Now, you could argue that public domain is more open, because there are no restrictions; but equally, the GNU GPL has worked better than "weaker" licences like BSD precisely because it insists on reciprocity, which prevents people taking software closed.

So, you might argue that the open data approach of GISAID actually achieves more, in terms of the viral effect of its licence, than GenBank does.


Carla Del Rio said...

Glyn is spot on. There are absolutely no attempts to promote any form of scientific etiquette in databases such as GenBank, which are keen on stripping all the protection of data, while at the same time enabling those resourceful enough to attach their restrictions, thus hampering others from using the data that was actually unrestricted at the time it was deposited. That’s what placing data into the public domain (a legal definition) does. This dilemma has done little to promote data sharing especially for countries that are economically less fortunate.

GISAID has become so incredibly successful because its mechanism does indeed prevent this form of exploitation at the expense of the whole community. And to enforce this data-sharing concept all that’s effectively asked, is for users to identify themselves to the rest of the community.

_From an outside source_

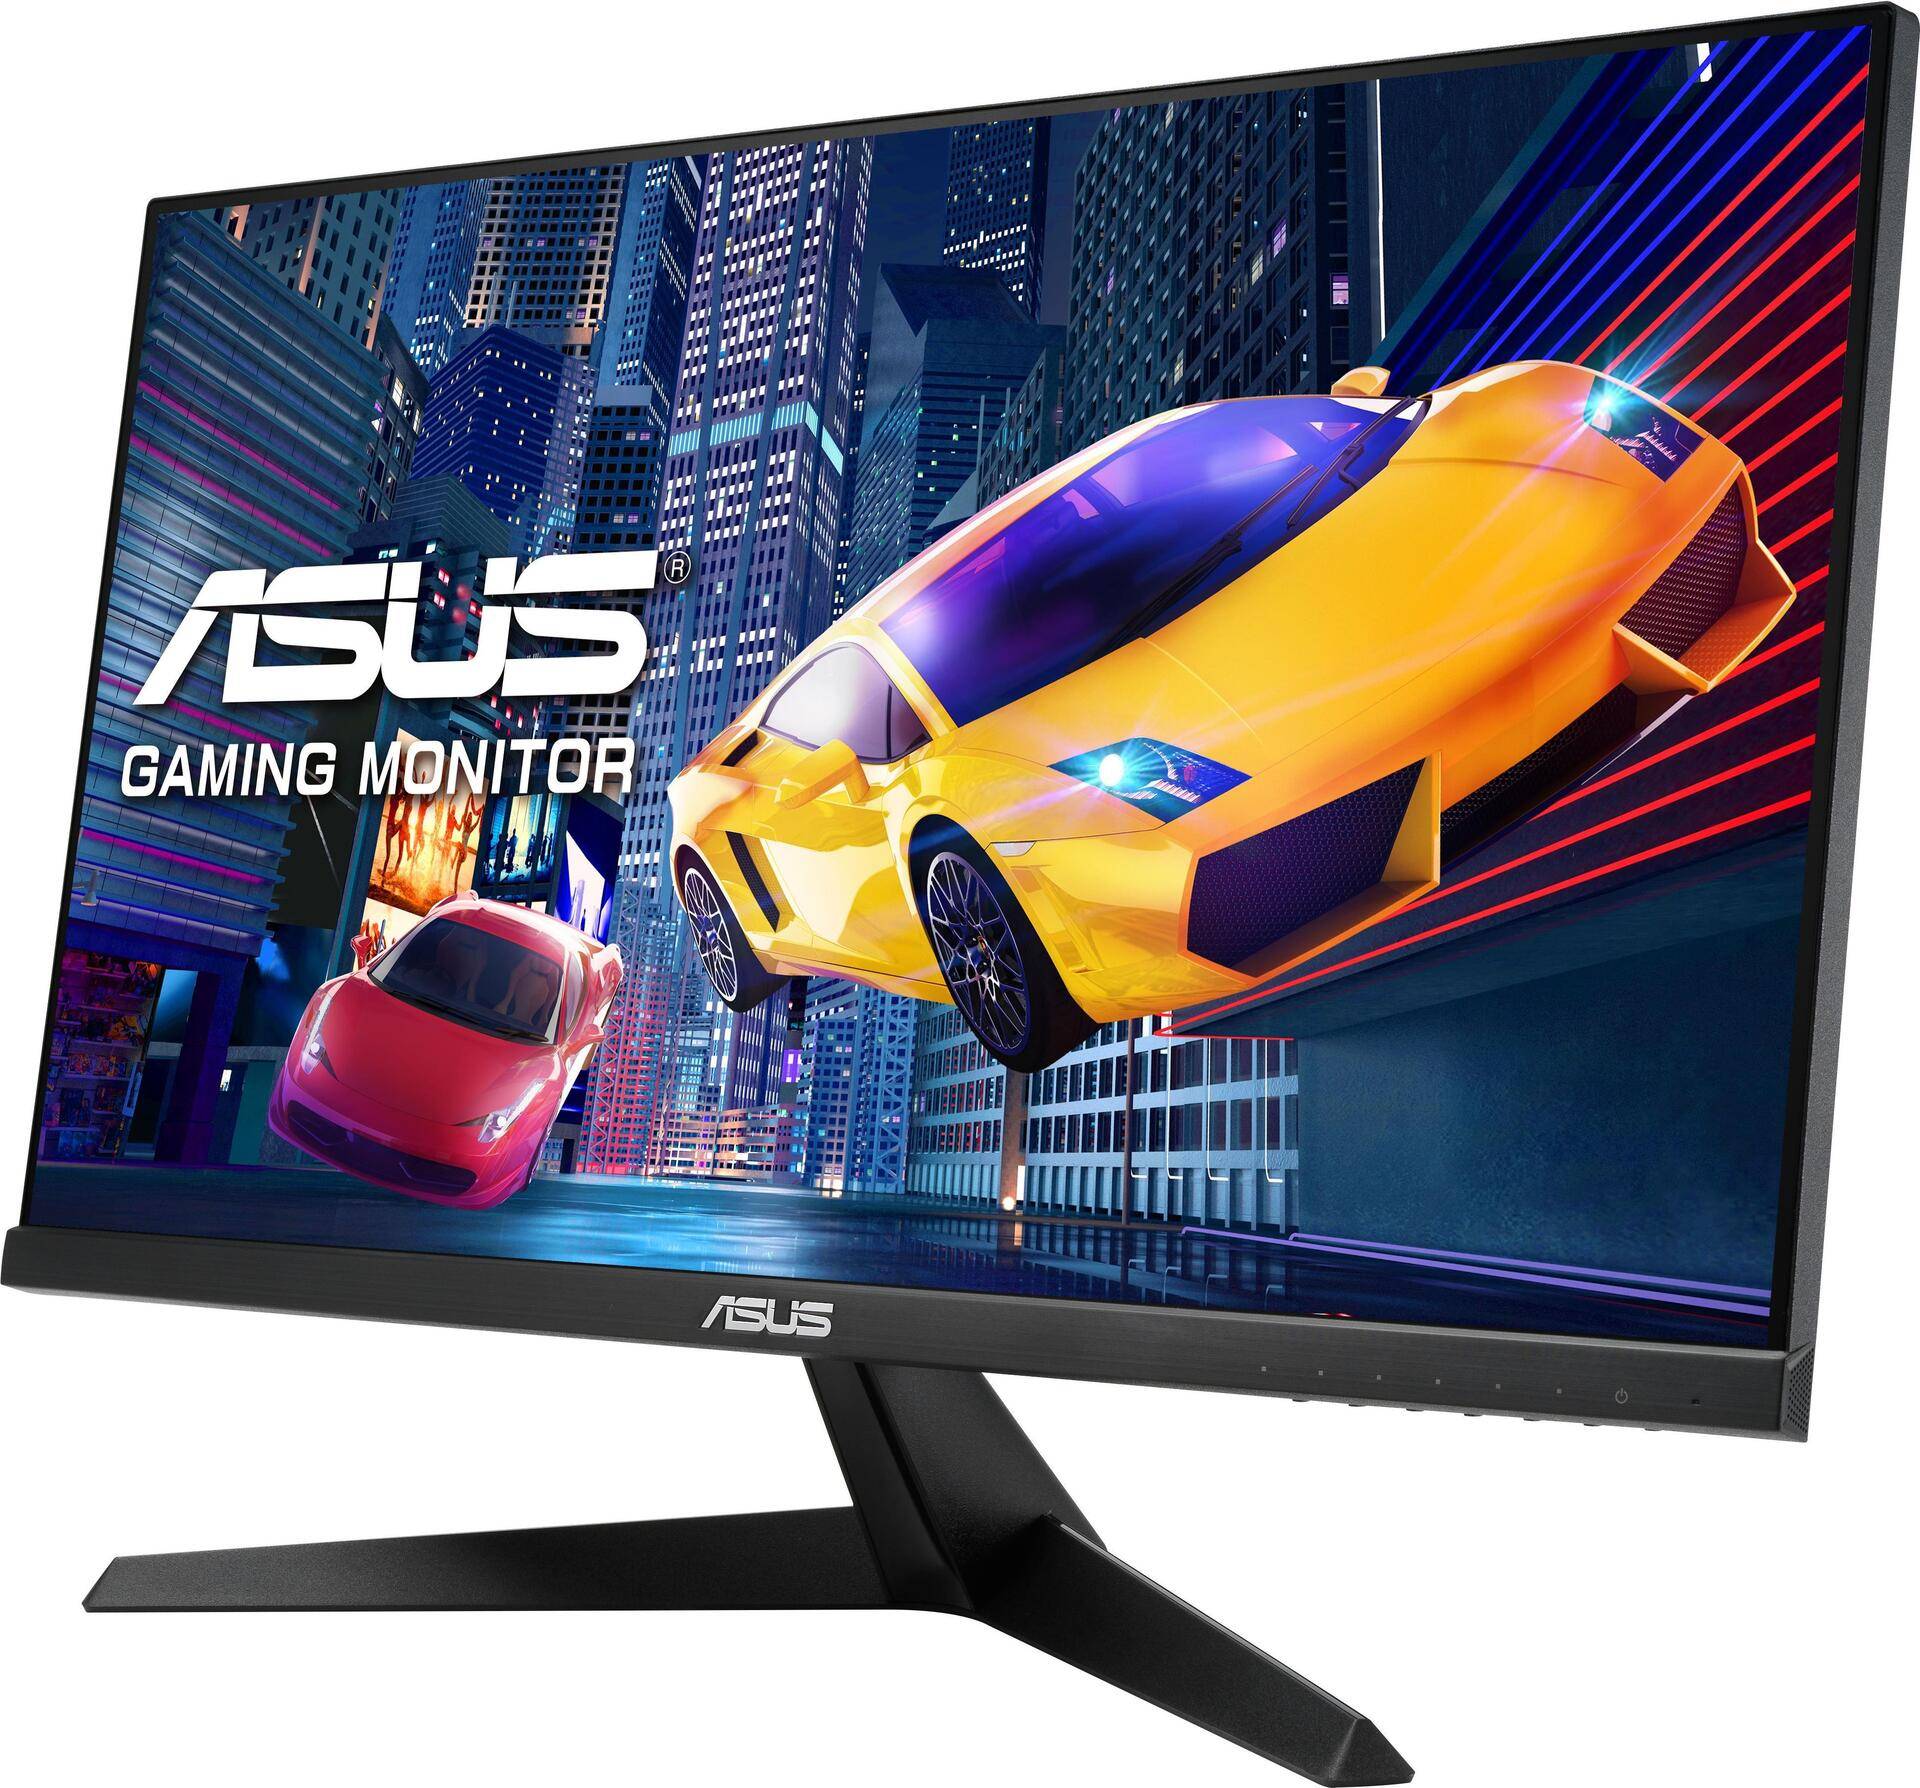 ASUS VY249HE - LED-Monitor - 60.5 cm (23.8) - 1920 x 1080 Full HD (1080p) @ 75 Hz - IPS - 250 cd/m² - 1000:1 - 1 ms - HDMI, VGA von Asus

So GISAID’s concept of equal access for all and true transparency does anything but translate into restrictions, as Ms. Squires is suggesting.

flugenome said...

hi burke
thank you for sharing your perspective. may be you misunderstood the wish of the gisaid community and reason why they added measures of transparency on their site. they are keen on establishing an equal playing-field by making sure all its users adhere to a rather basic code of ethics that asks what many of us practice anyway, i.e. the acknowledgment of the labs that provided the sample in the first place as well as the acknowledgement of those folks that go through the trouble of isolating and sequencing the virus before they uploaded to its database.

them asking their peers not to attach any form of restrictions is no different from what open-source rather successfully spells out for the internet. by contrast genbank & public domain databases leave data totally exposed to those that have the means to apply restrictions on the data. that's the problem that glyn pointed out.

on another note, i'd be curious to know why you created on your website http://www.iterasi.net/public/users/burkesquires an open gateway to the gisaid database, which practically allowed the bypassing of gisaid's registration/login procedure. cheers, hans

Glyn Moody said...

@hans: nicely put.

Unknown said...

@hans...Thank you so much for alerting me to the open link to GISAID. How stupid of me! Sorry about that! I have since removed that links.
@all, I appreciate all the points here and when I have a moment I look forward to continuing the discourse.